## Information shown
%%

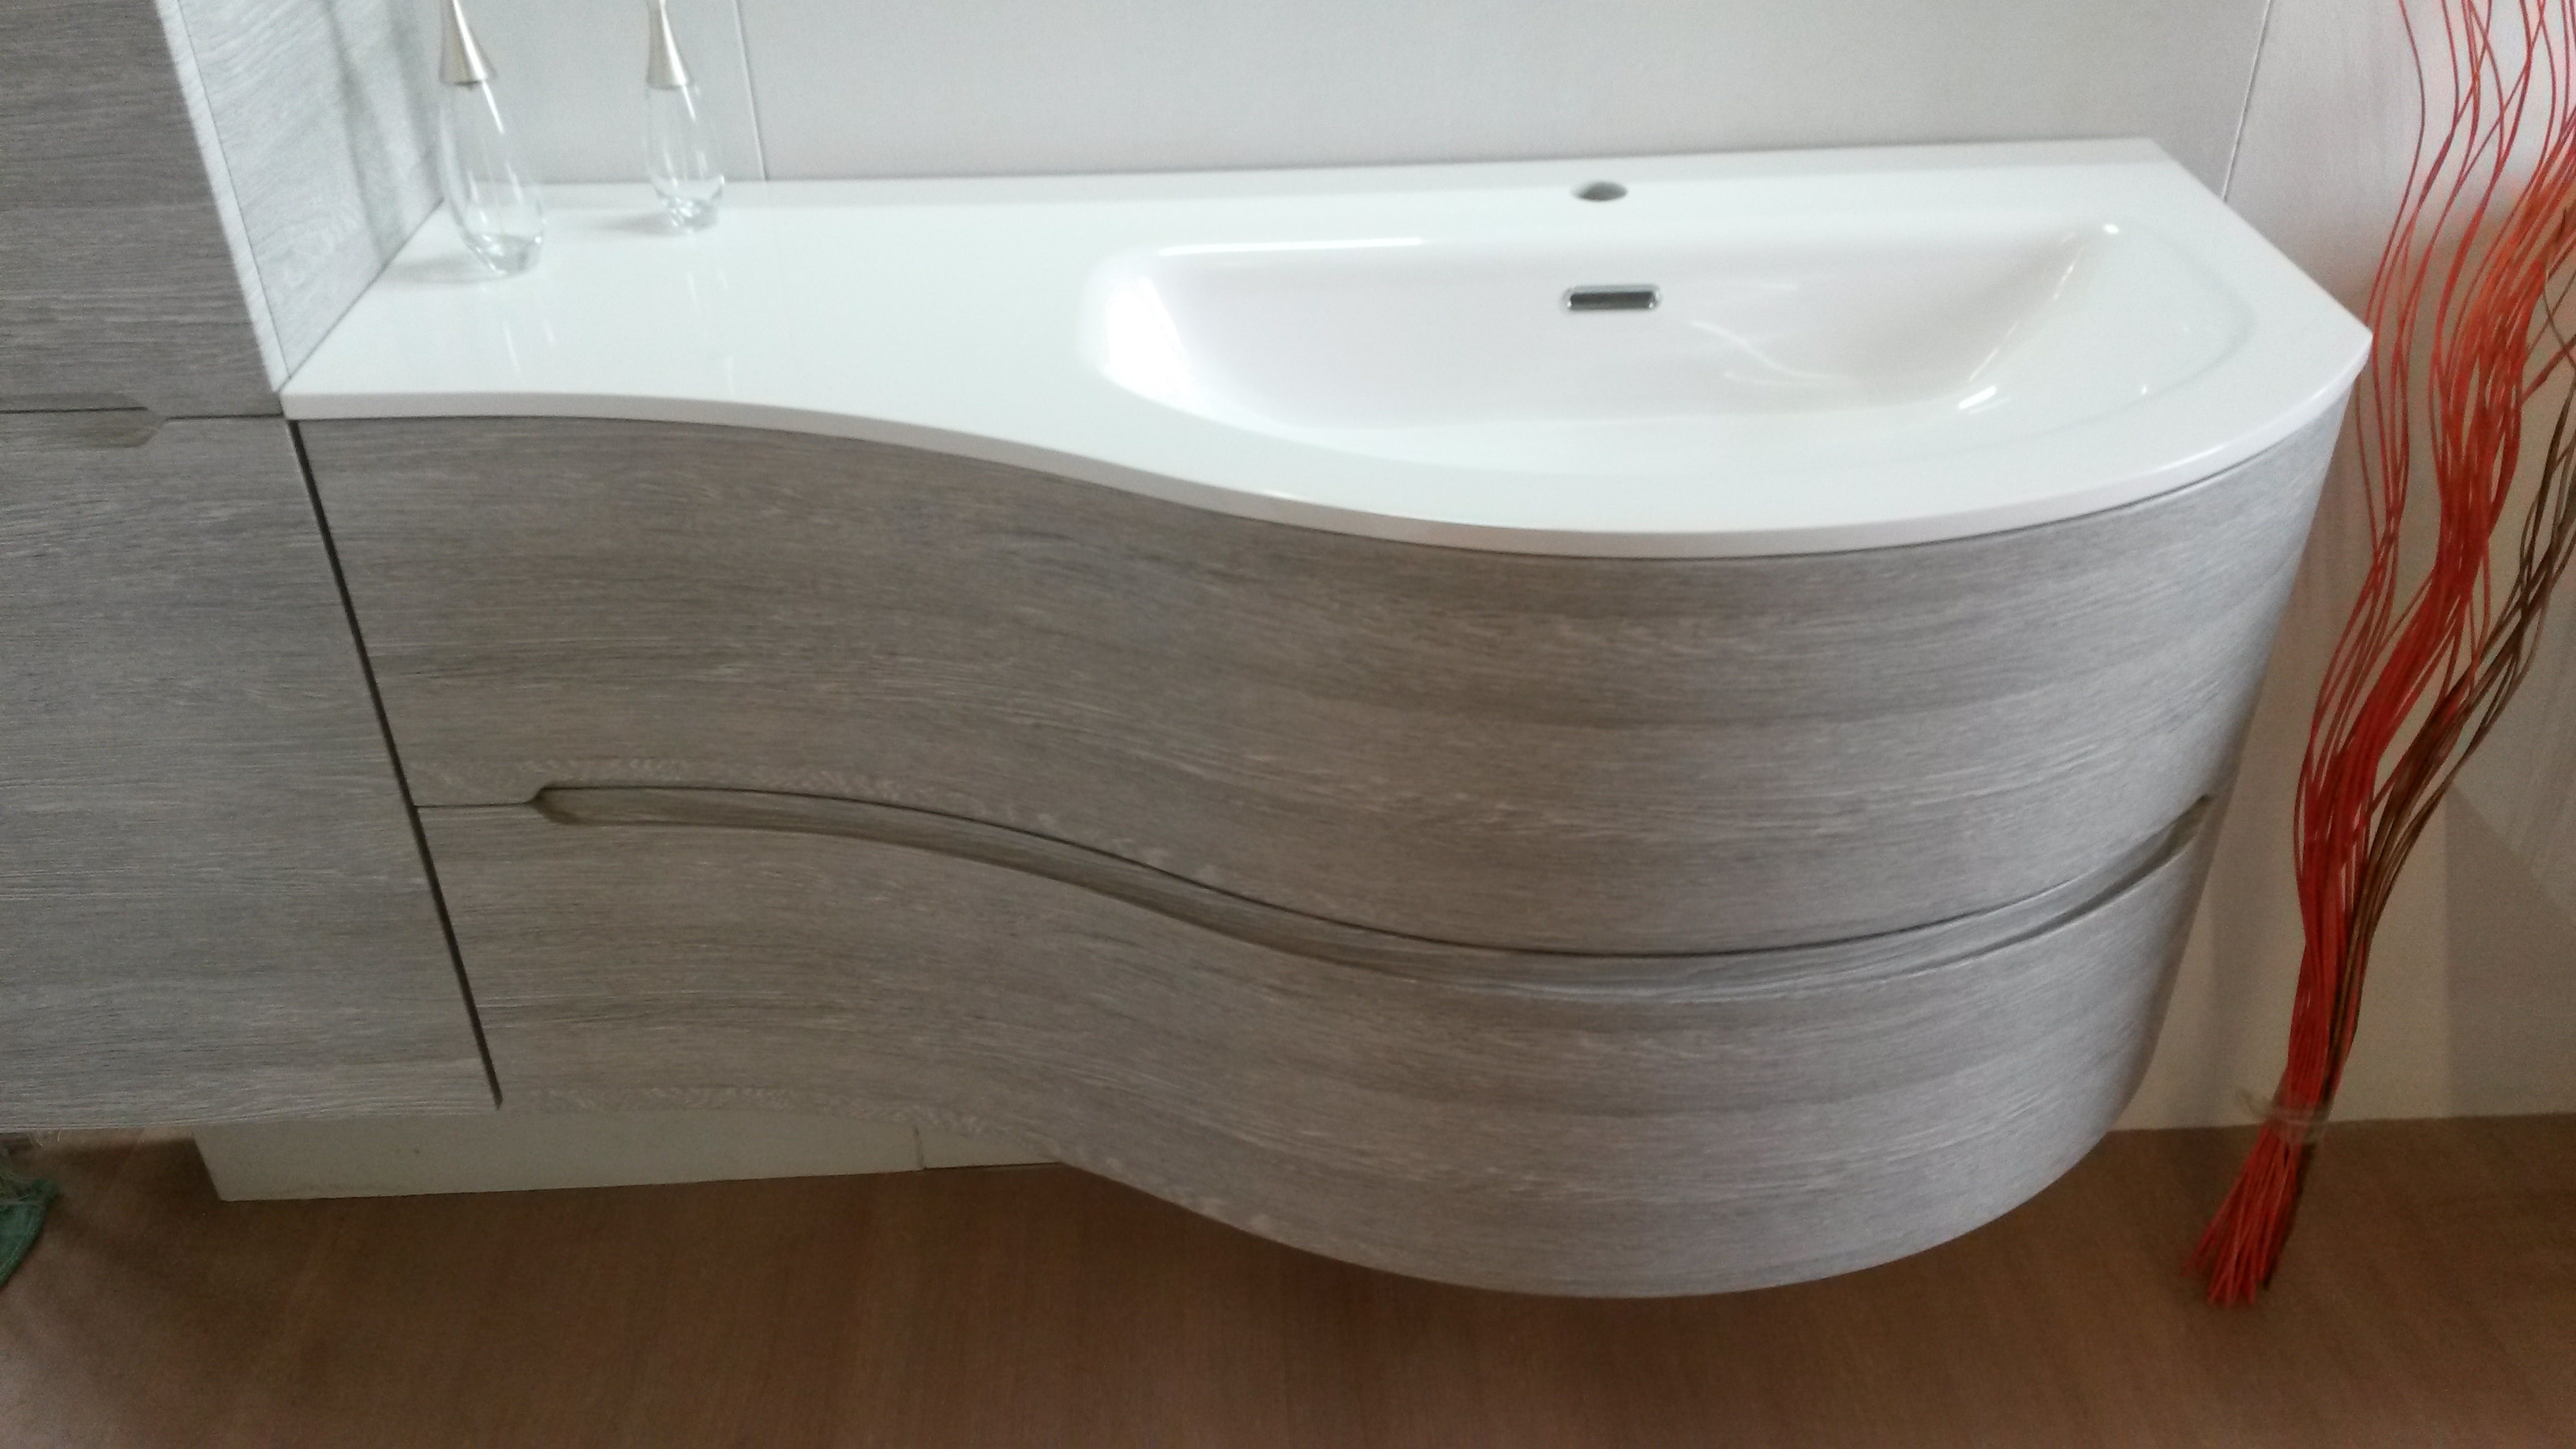 Bagno smyle di idea group scontato del 40 arredo bagno a prezzi scontati - Arredo bagno messina ...
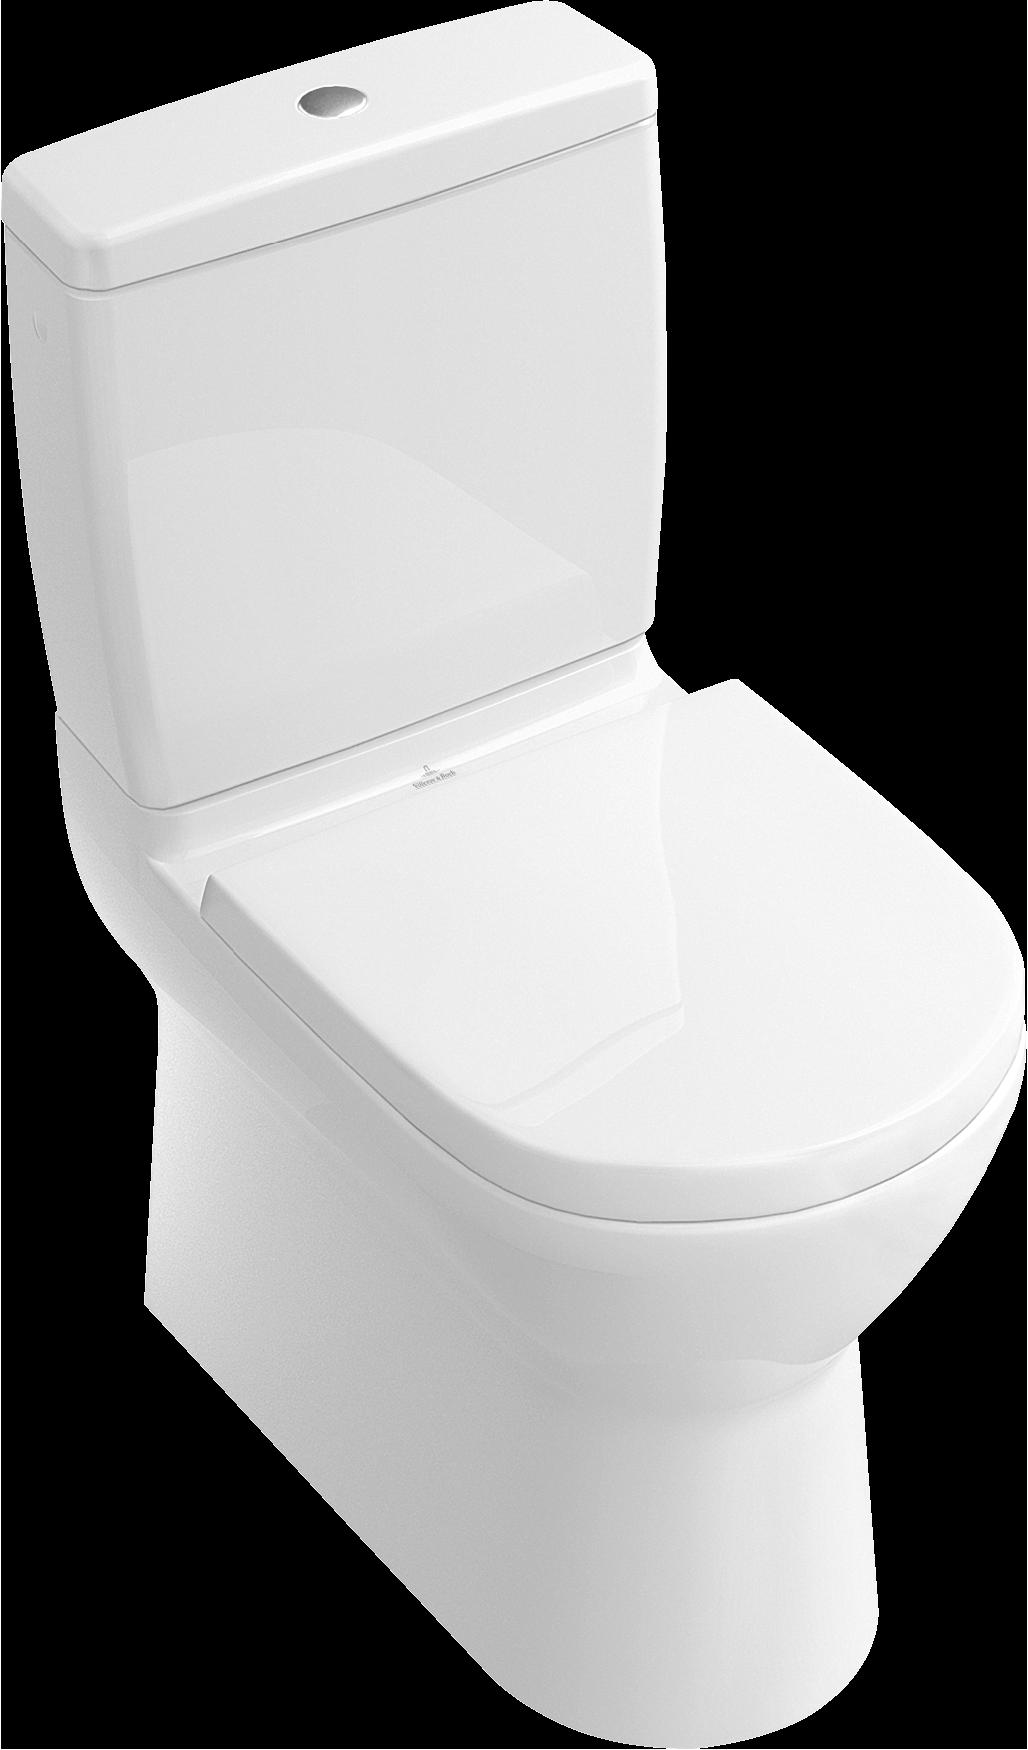 Villeroy and boch o novo toilet
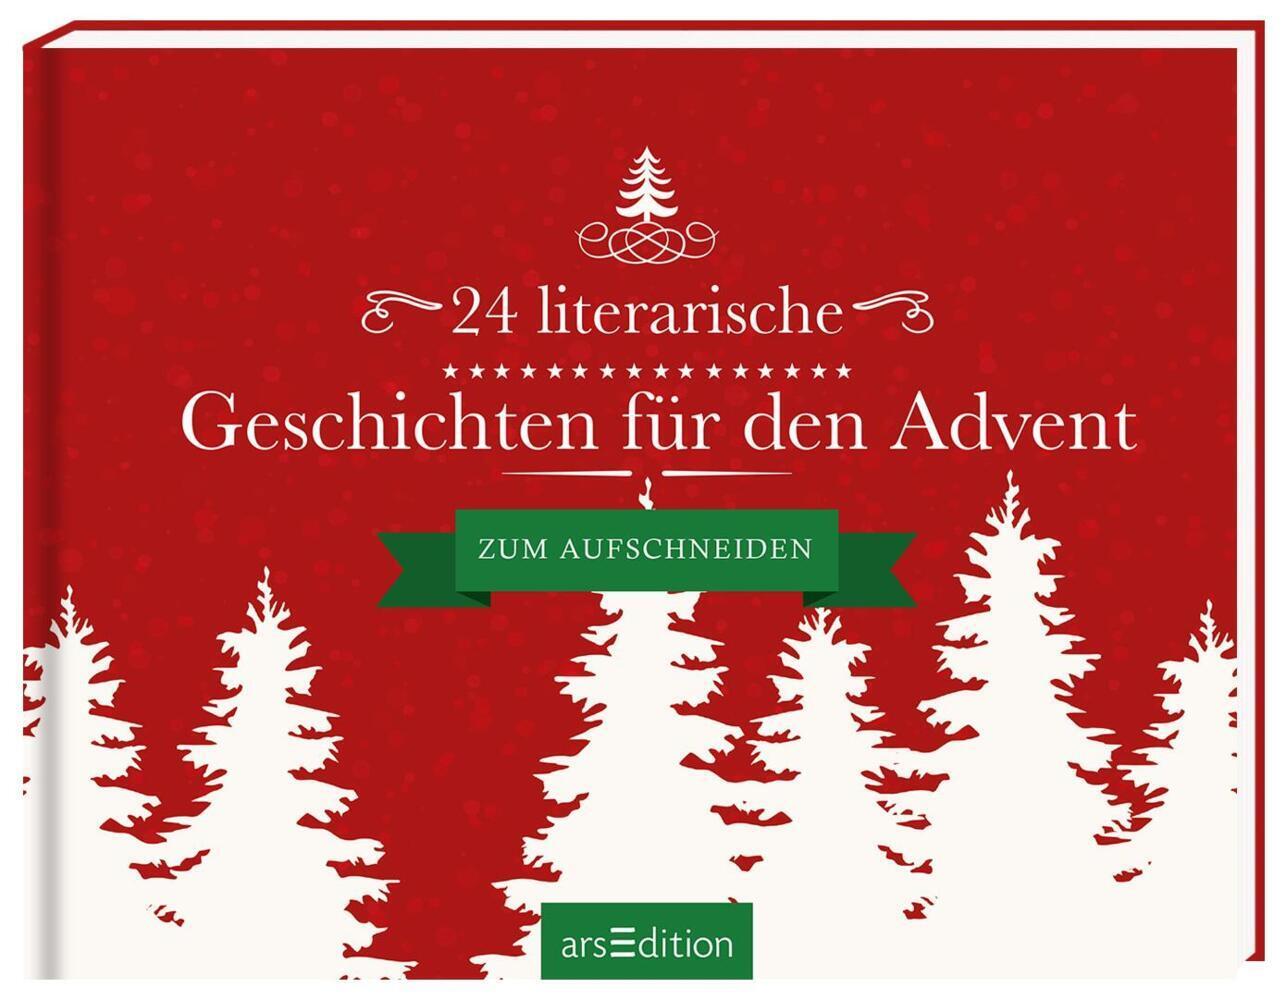 24 literarische Geschichten für den Advent als Buch (gebunden)
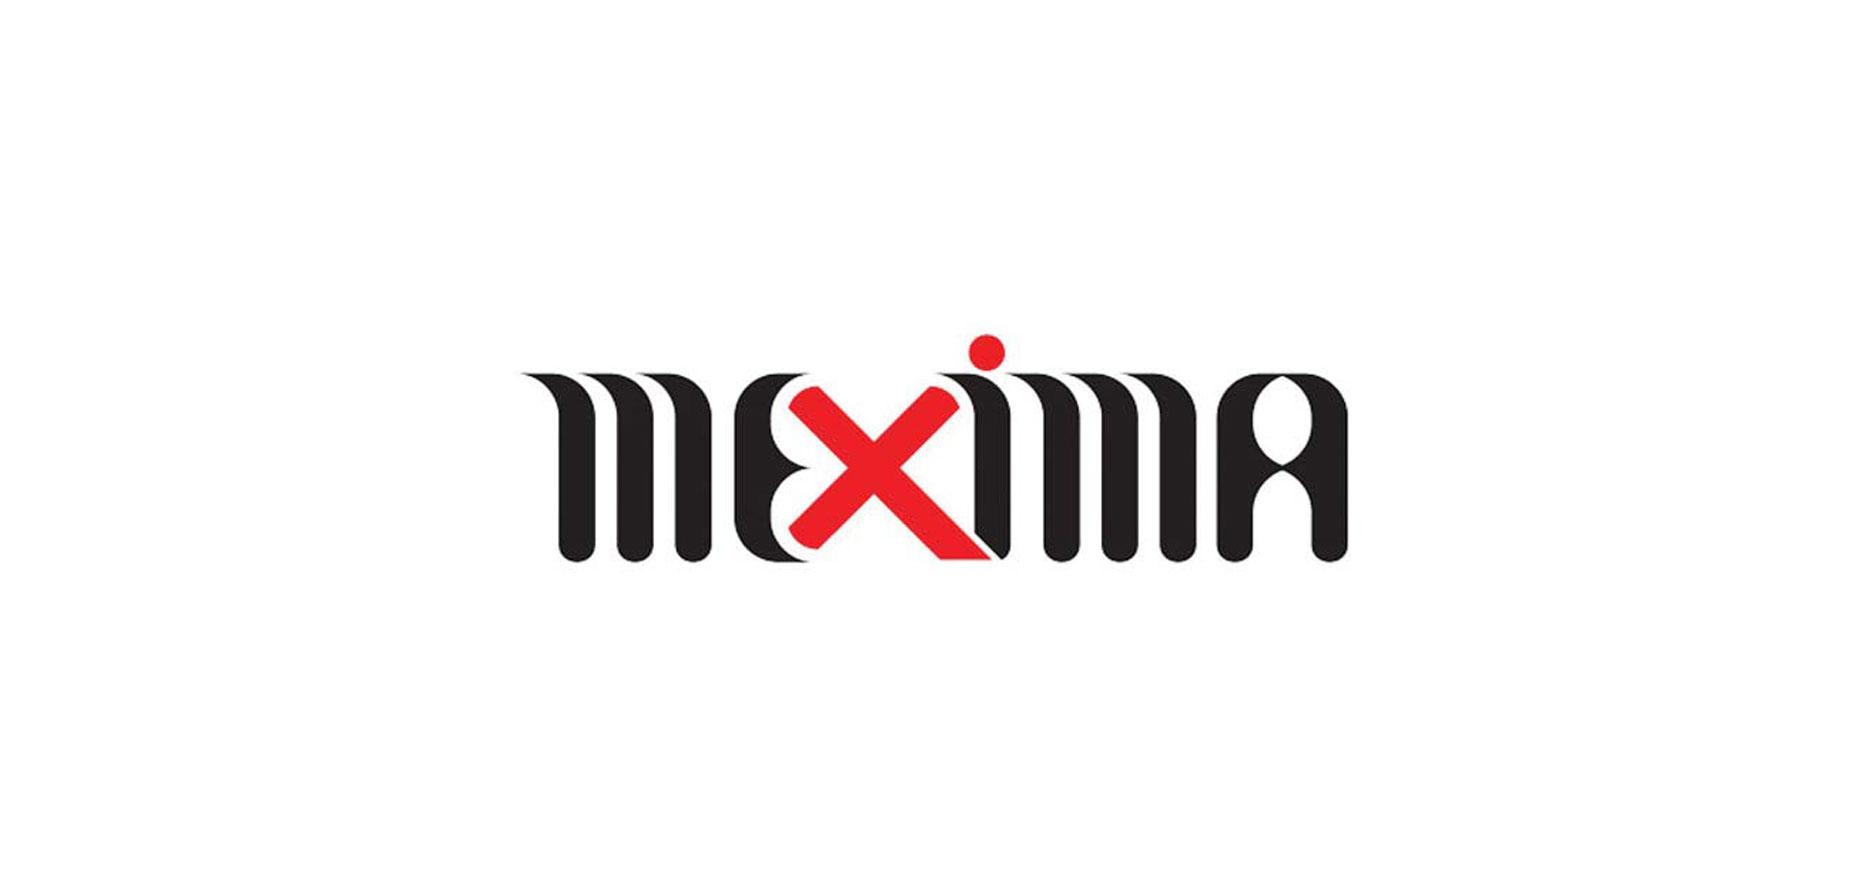 خدمات > طراحی گرافیک > طراحی لوگو و آرم   طراحی غرفه نمایشگاهیطراحی لوگو ماکسیما

%%

## What is required
Repeat the material line for line. Pictures stay out of the copy.

## Result of the exercise
 Bagno smyle di idea group scontato del 40 arredo bagno a prezzi scontati - Arredo bagno messina ...
 Villeroy and boch o novo toilet
 24 literarische Geschichten für den Advent als Buch (gebunden)
 خدمات > طراحی گرافیک > طراحی لوگو و آرم   طراحی غرفه نمایشگاهیطراحی لوگو ماکسیما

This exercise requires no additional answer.